#### Input for this task

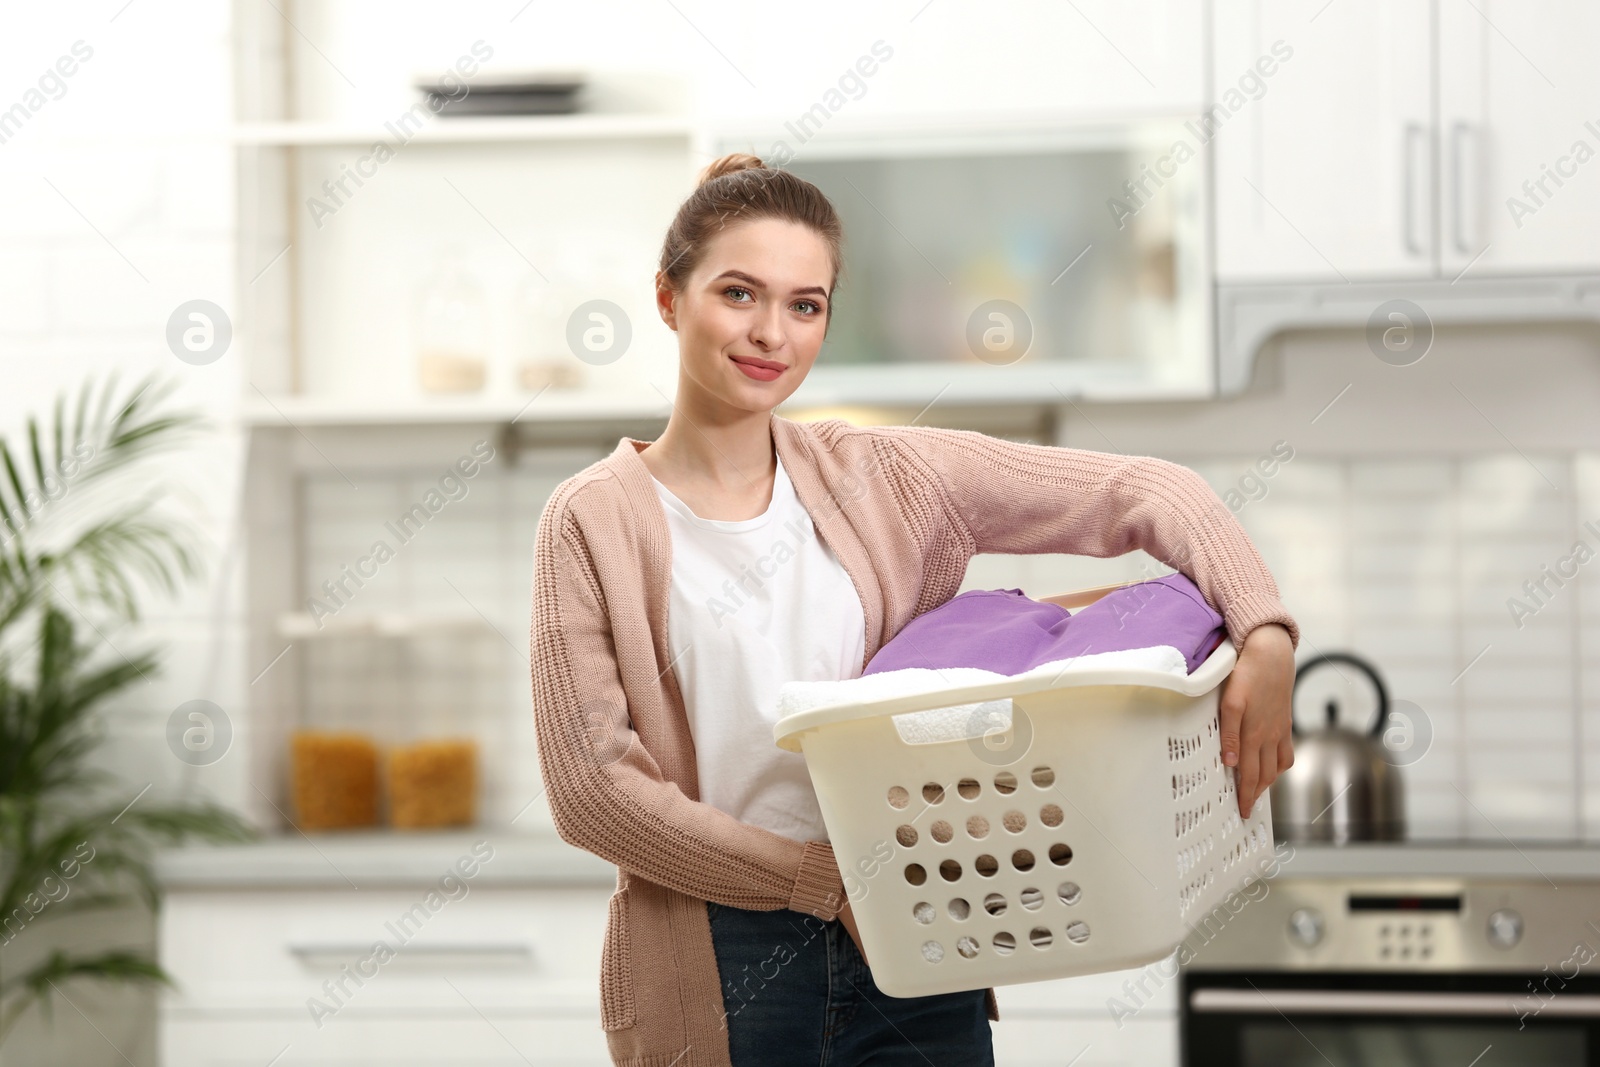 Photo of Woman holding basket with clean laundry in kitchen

########
#### Input for this task

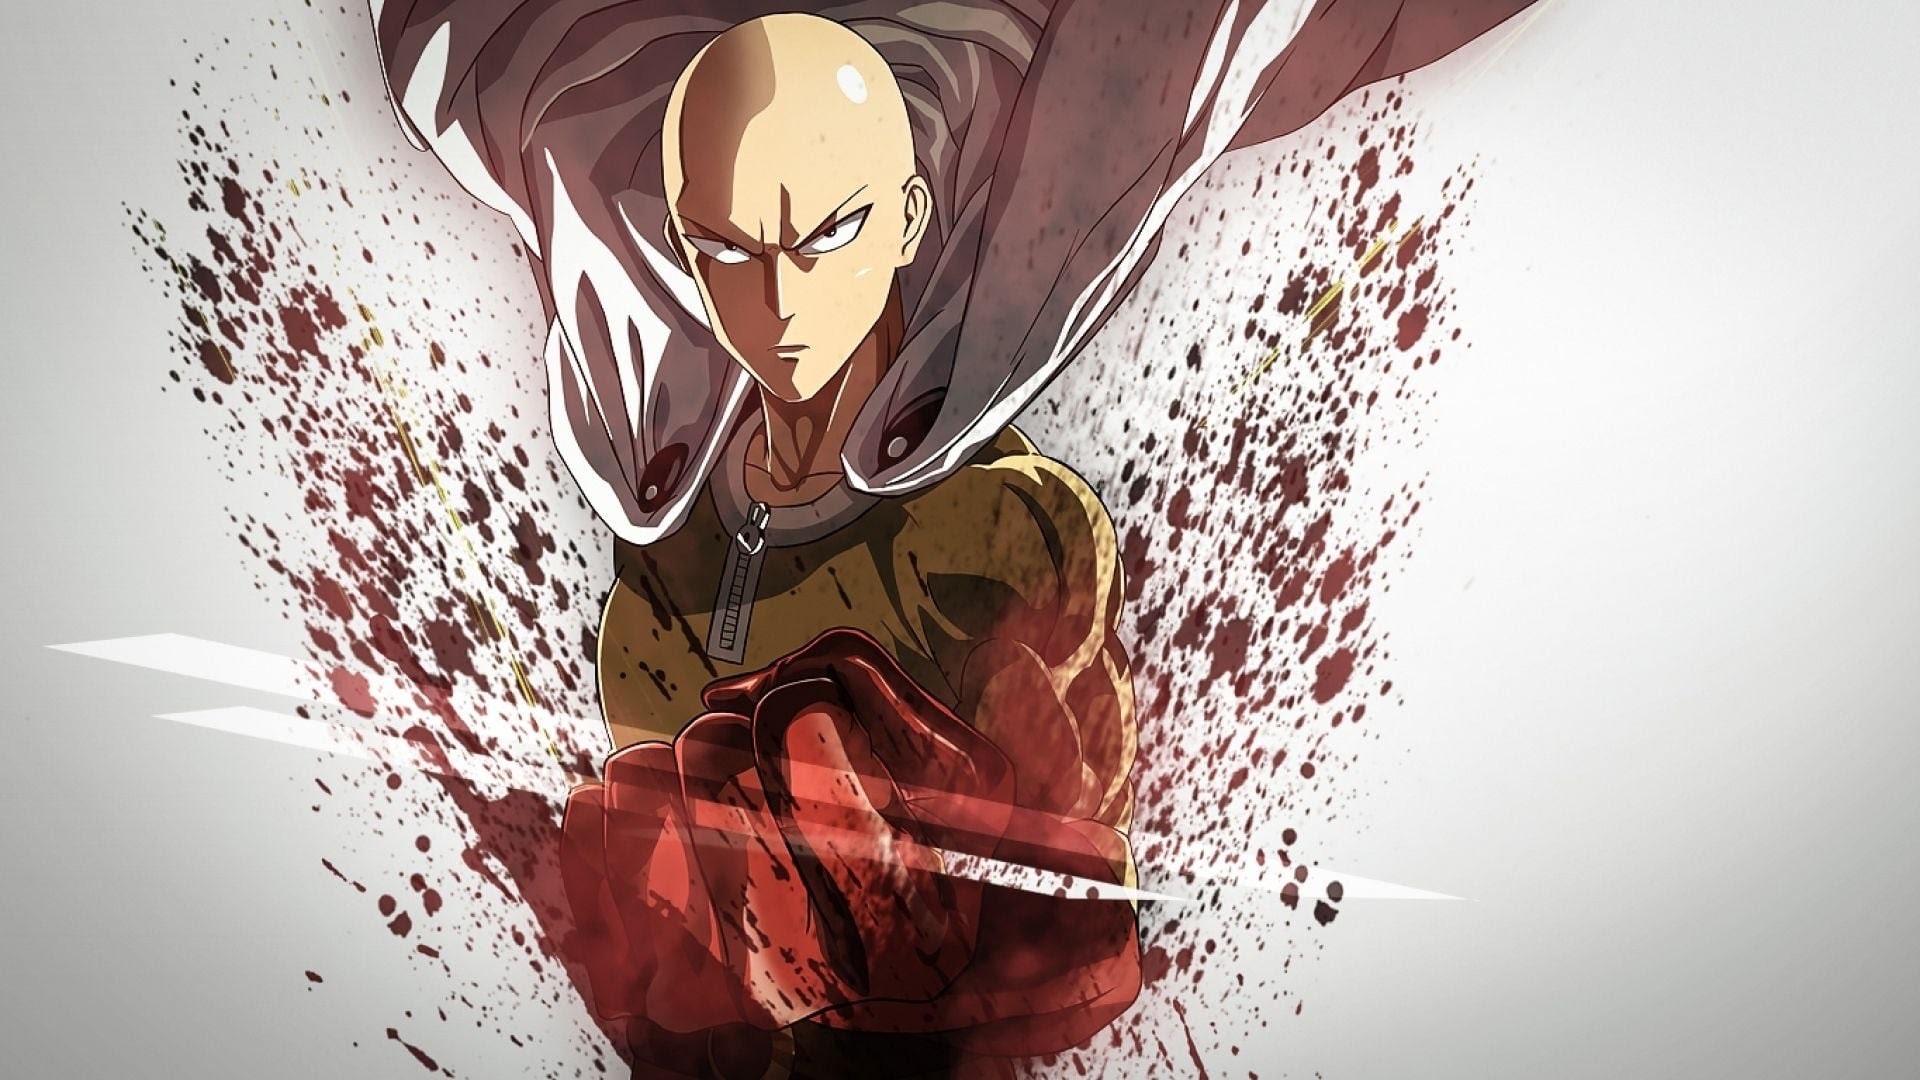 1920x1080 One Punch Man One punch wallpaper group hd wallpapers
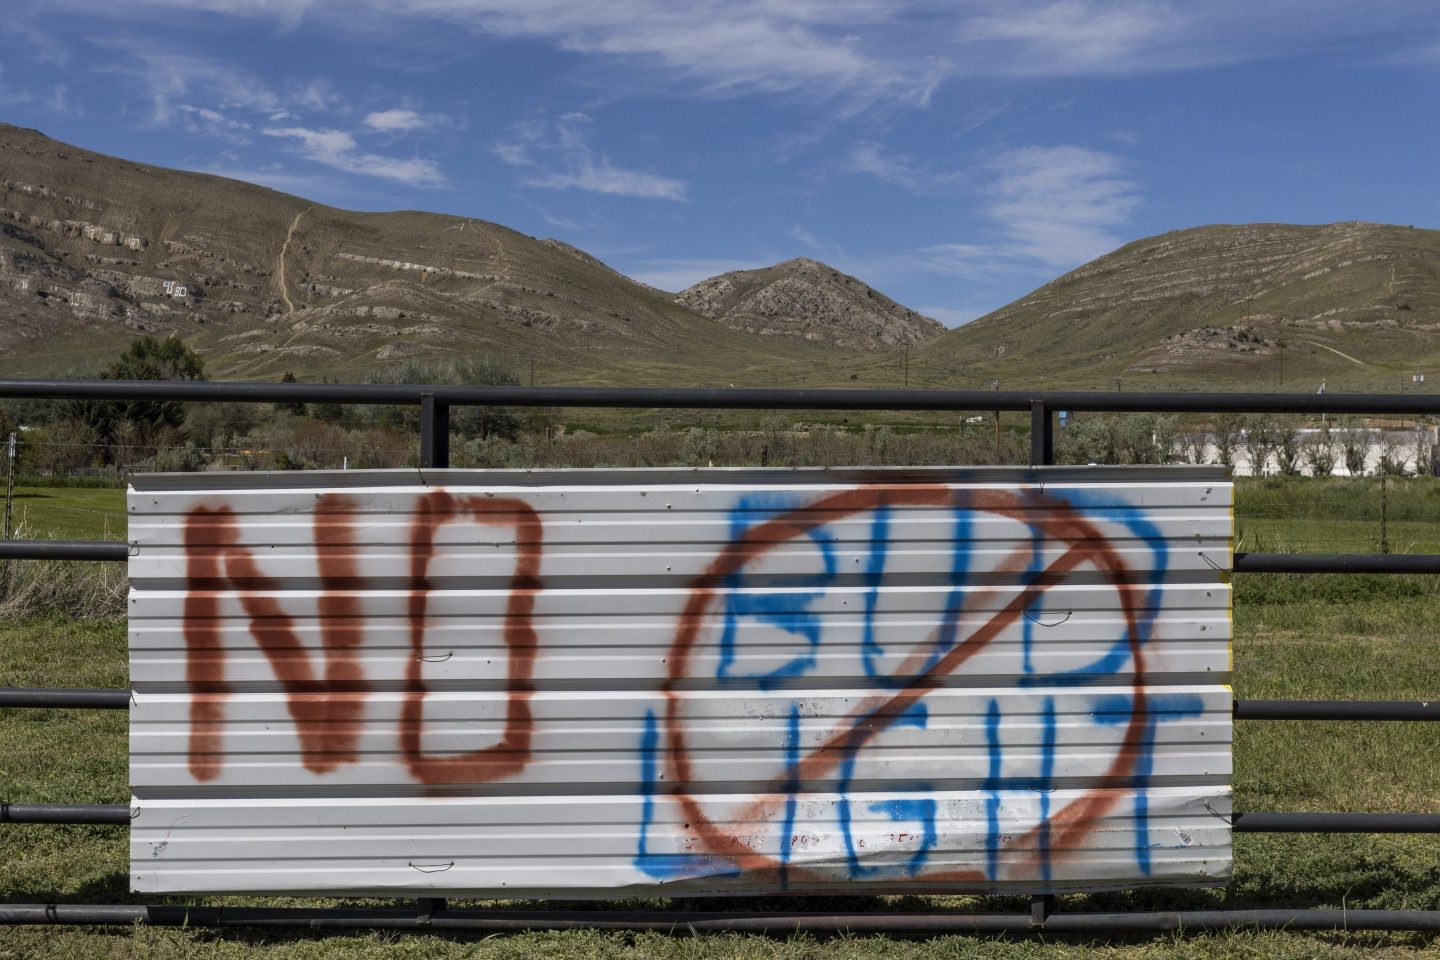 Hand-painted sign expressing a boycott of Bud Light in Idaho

########

Retype the lines above exactly as they appear, from the line containing "1920x1080 One Punch" through the line containing "Hand-painted sign expressing", and leave out any pictures.

Exercise answer –
 1920x1080 One Punch Man One punch wallpaper group hd wallpapers
 Hand-painted sign expressing a boycott of Bud Light in Idaho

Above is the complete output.